Я намеренно пошел на риск, назвав его по имени и тем самым перейдя на «ты», считая, что именно этого следует ожидать от парня в момент искренней взволнованной исповеди, которую я старался изобразить.
– Да, – подтвердил я серьезным, удрученным, сокрушенным тоном, – эстетической чистоты, единственной вещи, которой обязан придерживаться художественный критик, если он чего-нибудь стоит. Так что ты и твои фискалы правы: я действительно виновен в измене, но только в художественном, а не в политическом смысле. Если из-за этого я представляю угрозу для безопасности – если ты считаешь, что человек, который предает свои эстетические убеждения, способен также предать эту страну, – будь по-твоему. Соберу свои манатки в Бингли-Мэнор и посмотрю, нельзя ли вступить в ПВО или в пожарные. Ибо твердо решил принести какую-то пользу, пускай в самом скромном качестве.
Билли Митчетт все еще с мрачным видом покачивал головой. Глубоко задумавшись, он потянулся за трубкой и, сунув ее в рот, принялся медленно посасывать. Я ждал, глядя в окно; ничто так не ослабляет подозрений, как задумчивый вид. Наконец Митчетт встряхнулся, будто вынырнувший из воды пловец, и отмахнул в сторону лежавшую перед ним бумагу.
– Знаешь, все это сплошной вздор. Не представляешь, сколько этой макулатуры приходится разгребать каждую неделю. Просыпаюсь по ночам в холодном поту и спрашиваю себя, неужели мы именно так собираемся воевать – докладами, запросами и подписями, и все обязательно в трех экземплярах. Господи! И после этого от меня требуют тащить сюда абсолютно порядочных парней, вроде тебя, и вытягивать из них признание в том, что они говорили своему старосте, когда учились в школе. И до войны было куда как плохо, а теперь!..

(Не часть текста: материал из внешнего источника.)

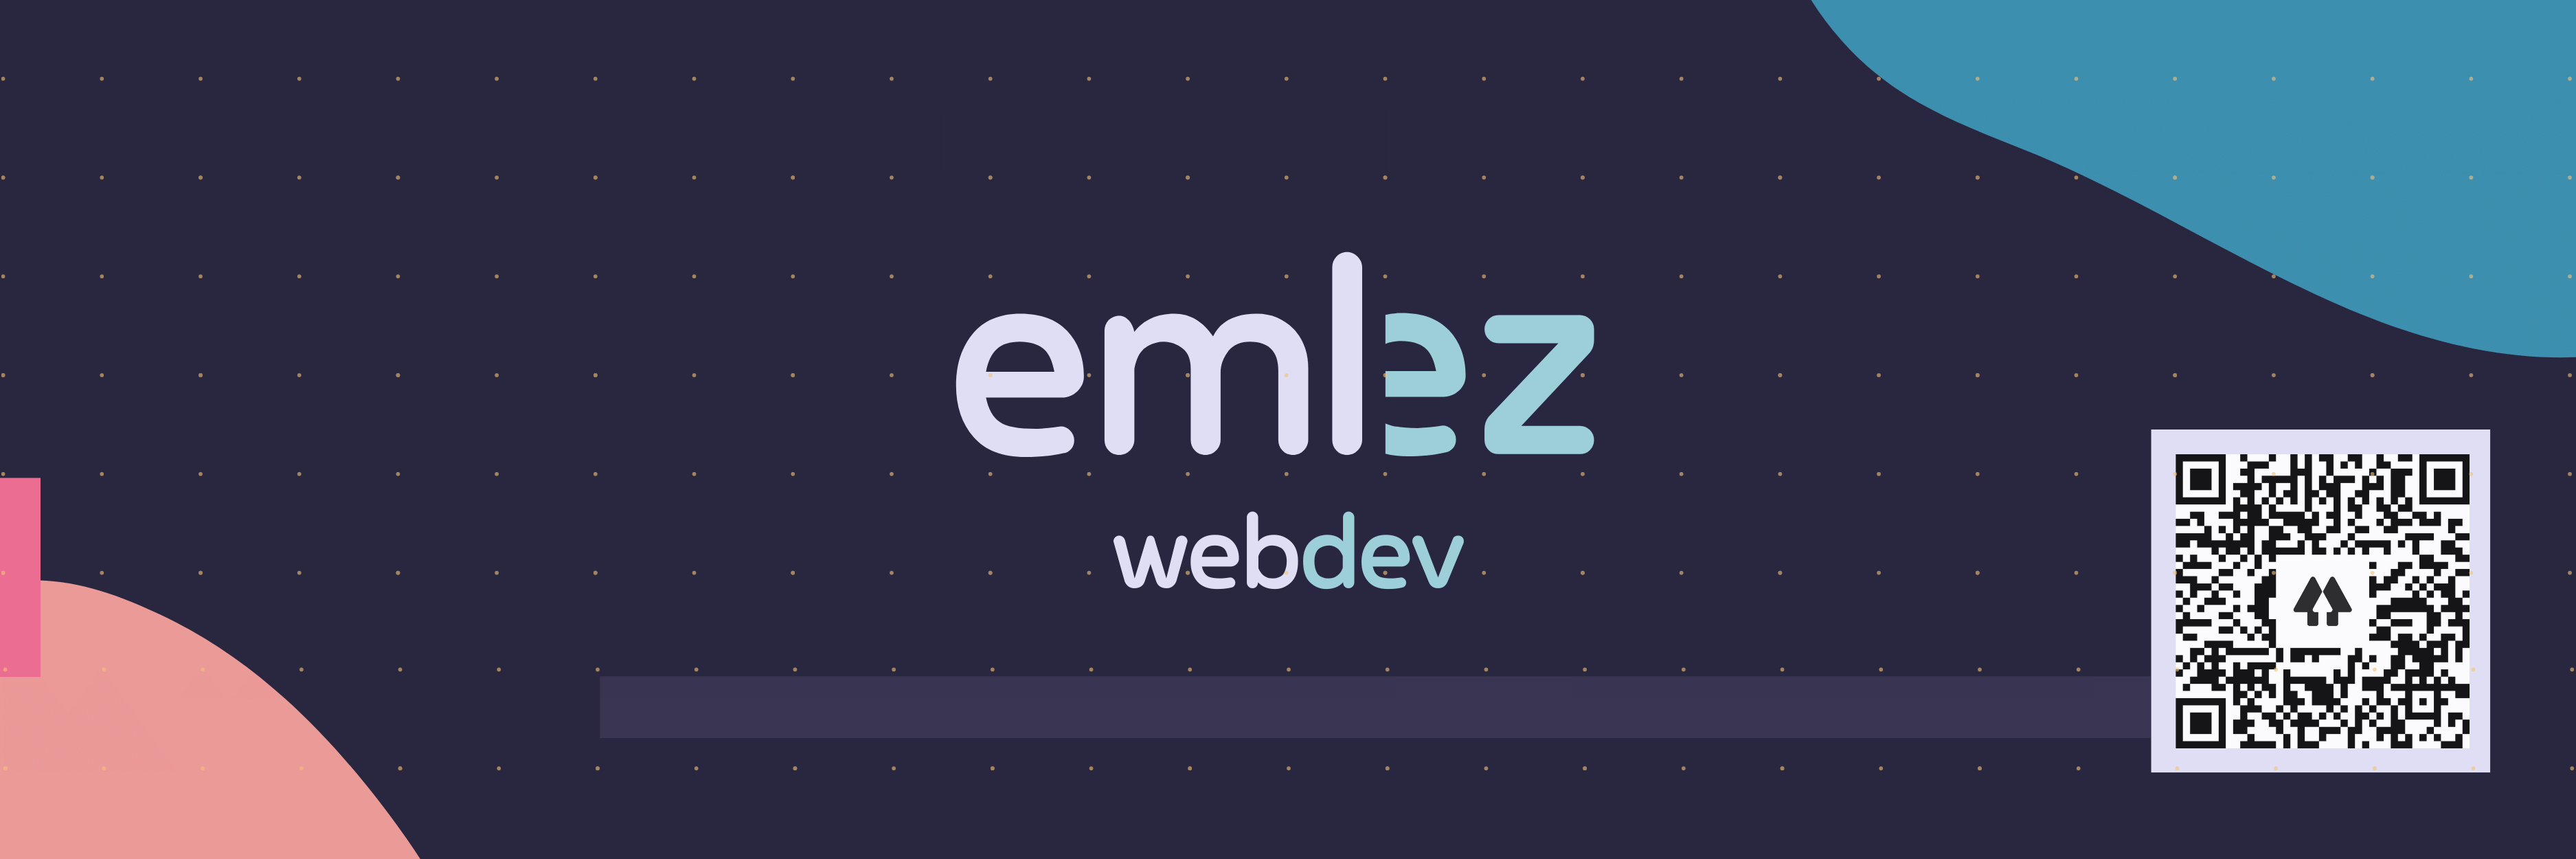 emlez web developer banner with QR code

– Ну, в конечном счете это не так уж бессмысленно, – великодушно возразил я. – Должно быть, есть и шпионы.
Хоп! Он внимательно взглянул на меня. Я ответил спокойным, полным безразличия взглядом, стараясь сдержать предательский тик под правым глазом.

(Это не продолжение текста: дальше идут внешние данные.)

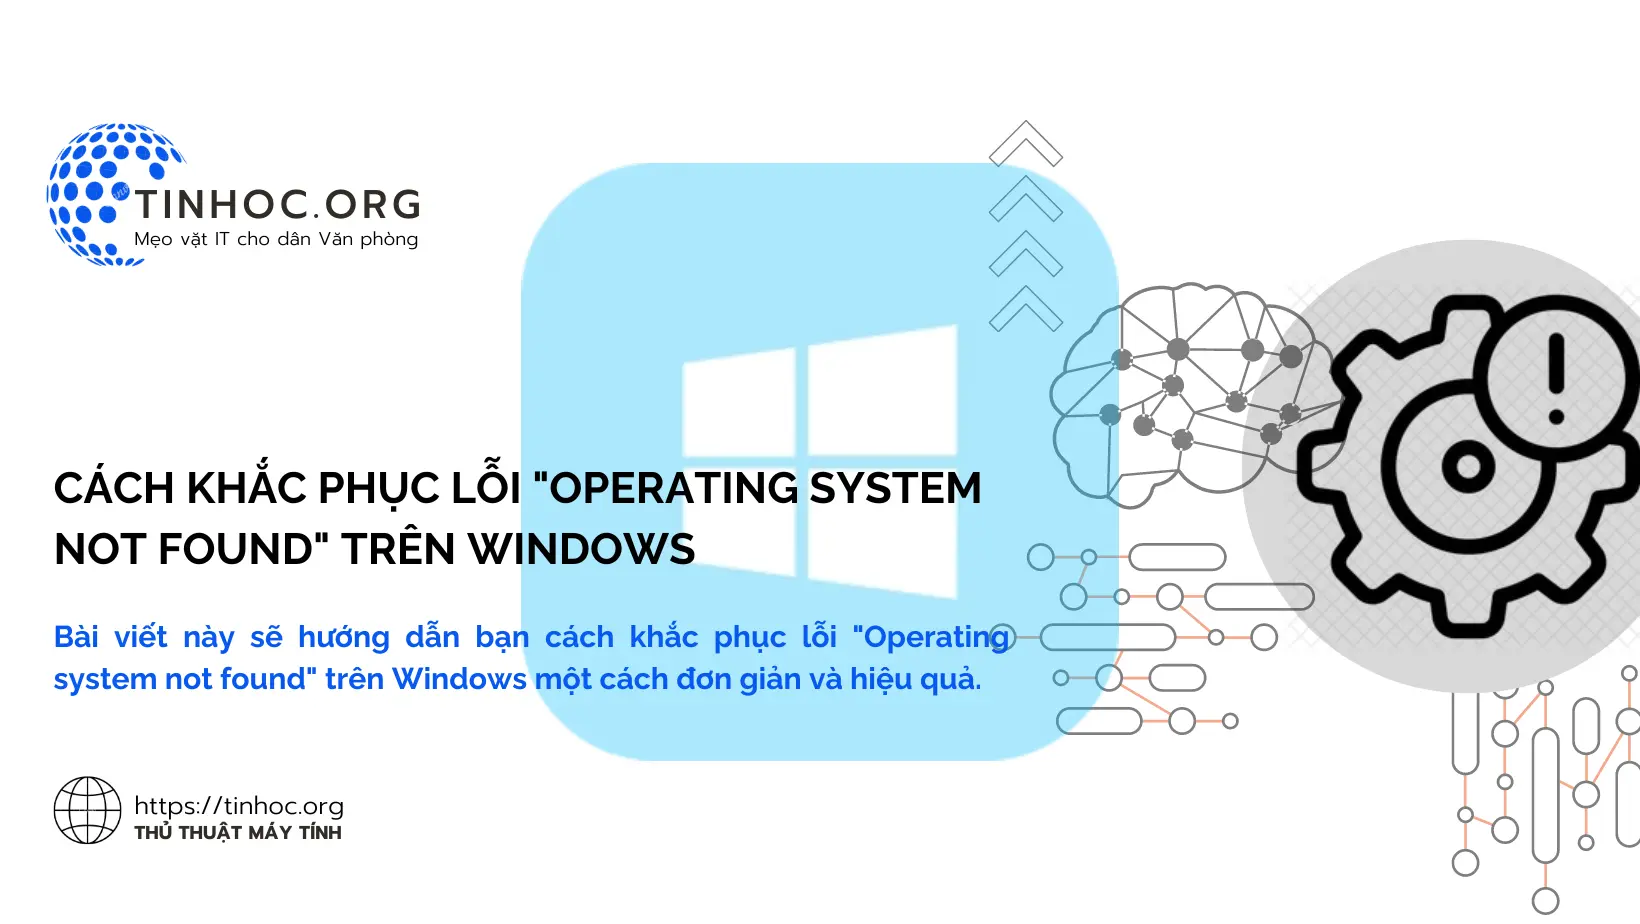 Cách khắc phục lỗi "Operating system not found" trên Windows

– Есть, – мрачно подтвердил Билли. – … И в Бингли-Мэнор их полно! – Приглушенно хохотнув, он хлопнул в ладони и тут же снова принял серьезный вид. – Слушай, старина, – угрюмо продолжал он, – поезжай обратно и заканчивай подготовку. У меня есть для тебя работа, очень миленькое дельце, тебе понравится. Молчок! Пока об этом ни слова. Всему свое время. – Он вышел из-за стола и подтолкнул меня к двери. – Не беспокойся. Позвоню старине Брэдшоу и скажу, что мы тебя проверили и нашли, что ты чист, как юный певчий, хотя, вспоминая некоторых из тех, кого я знал…
Он пожал мне руку, желая поскорее от меня избавиться. Я не торопясь натягивал перчатки.

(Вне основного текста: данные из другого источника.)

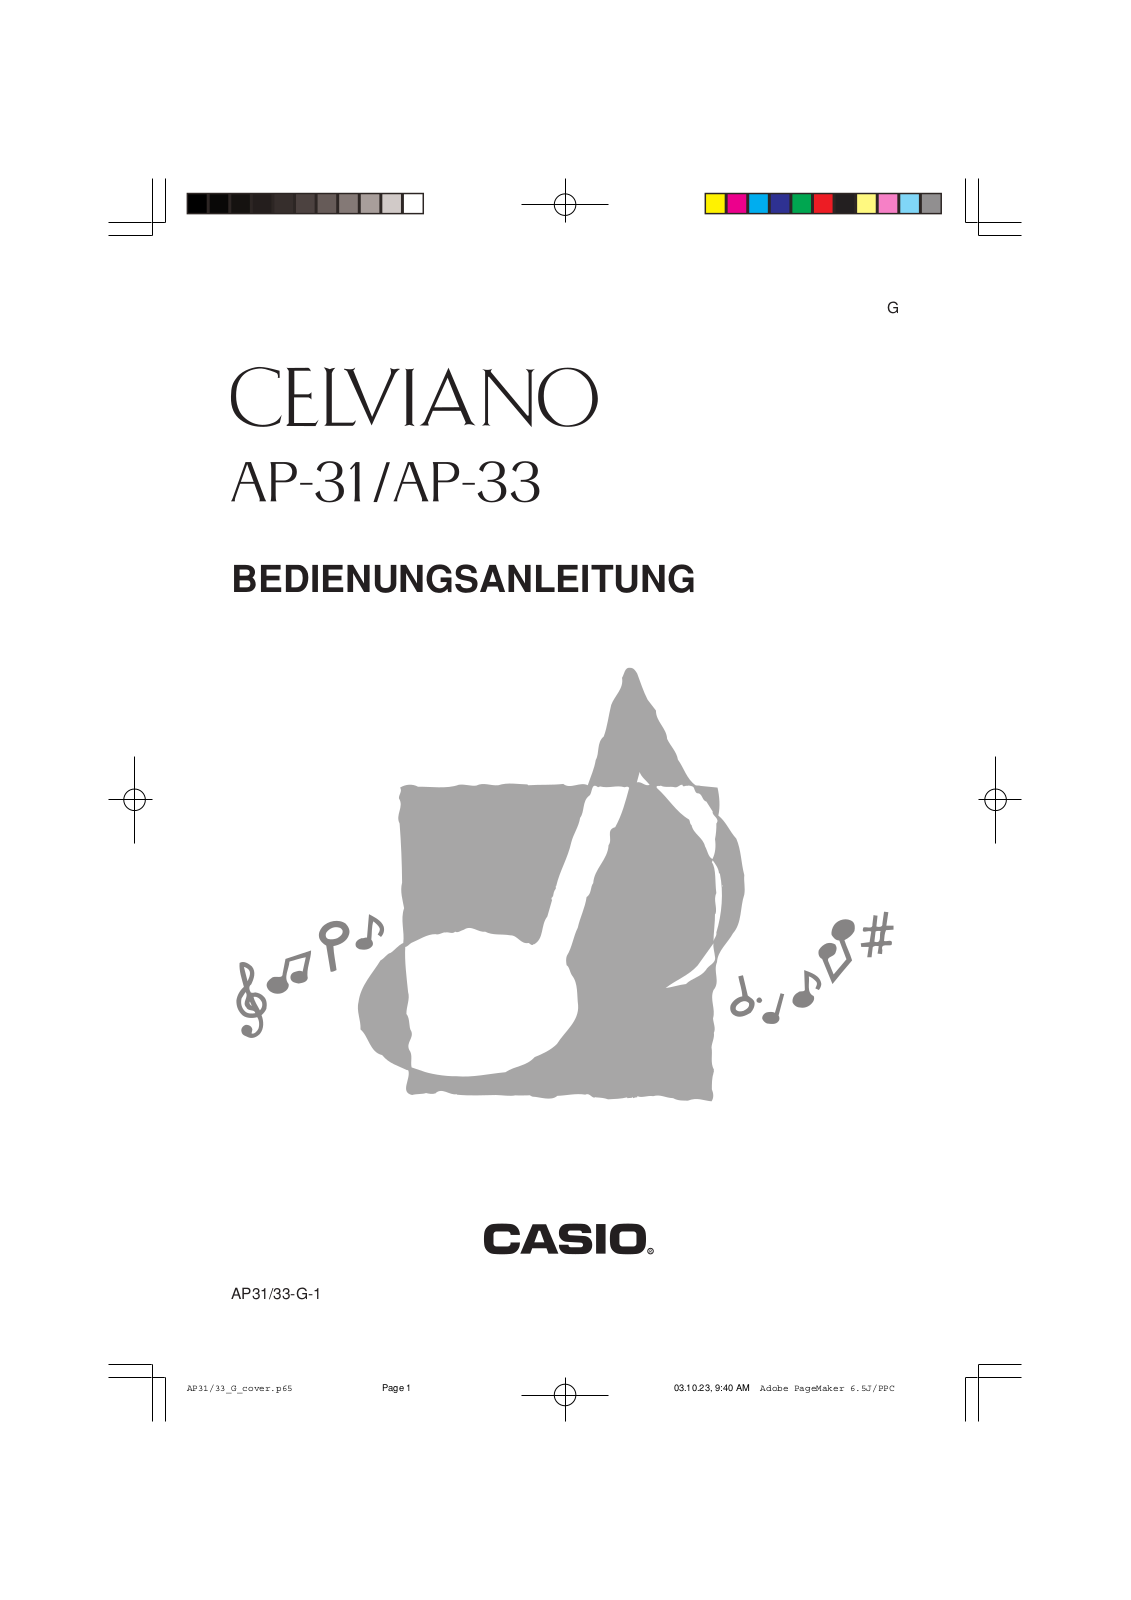 Casio CELVIANO AP-31, CELVIANO AP-33 User Manual

– Ты упоминал Боя Баннистера, – заметил я. – Он что?..
Митчетт уставился на меня.
– Что… под подозрением? Господи, нет. Он один из наших асов. Настоящий чародей. Нет-нет, за старину Баннистера можно быть совершенно спокойным.
* * *
Как же смеялся Бой, когда я позднее позвонил ему из квартиры и рассказал, что он один из асов Билли Митчетта.
– Ну и осел, – сказал он. В его смехе я уловил напряженную нотку. – Между прочим, – нарочито громко добавил он, – у меня Ник. Не вешай трубку, он хочет кое-что сказать.
Ник со смехом взял трубку.
– Подвергся допросу третьей степени, да? Билли мне рассказывал, я ему звонил. Едва ли тянет на Великого Инквизитора, а? Кстати, постараюсь удалить этот след из твоего досье – знаком с одной девицей в канцелярии. Иначе эта штука будет плестись за тобой всю жизнь. А нам этого не надо. Особенно если в любой момент нам с тобой предстоит прогулка, все уже улажено.
– Прогулка?
– Точно, старина. Разве Билли тебе не сказал? Нет? Ну тогда и я лучше пока помолчу; пустой разговор может дорого обойтись. Оревуар!
Смеясь и мурлыча «Марсельезу», Ник повесил трубку.
* * *
В 1649 году, в письме своему другу Полю Фреару де Шантлу, Пуссен, упоминая о казни Карла I, делает следующее замечание: «Жить в столетие, в котором происходят такие великие события, подлинное удовольствие, при условии, что можно укрыться в тихом уголке и спокойно смотреть представление». Это замечание выражает квиетизм поздних стоиков, в частности Сенеки. Бывали времена, которые я хотел бы прожить в соответствии с этим принципом. Но кто мог оставаться бездеятельным в этот жестокий век? Зенон и ранние философы его школы утверждали, что индивидуум, безусловно, обязан принимать участие в событиях своего времени и стремиться обратить их во благо обществу. Это есть другая, более решительная разновидность стоицизма. Моя жизнь была образцом обеих фаз этого учения. Когда требовалось, я действовал, полностью отдавая себе отчет относительно двусмысленности этого глагола, а теперь настало время отдыха – о нет, не отдыха – спокойствия. Да, я вступил в полосу спокойствия.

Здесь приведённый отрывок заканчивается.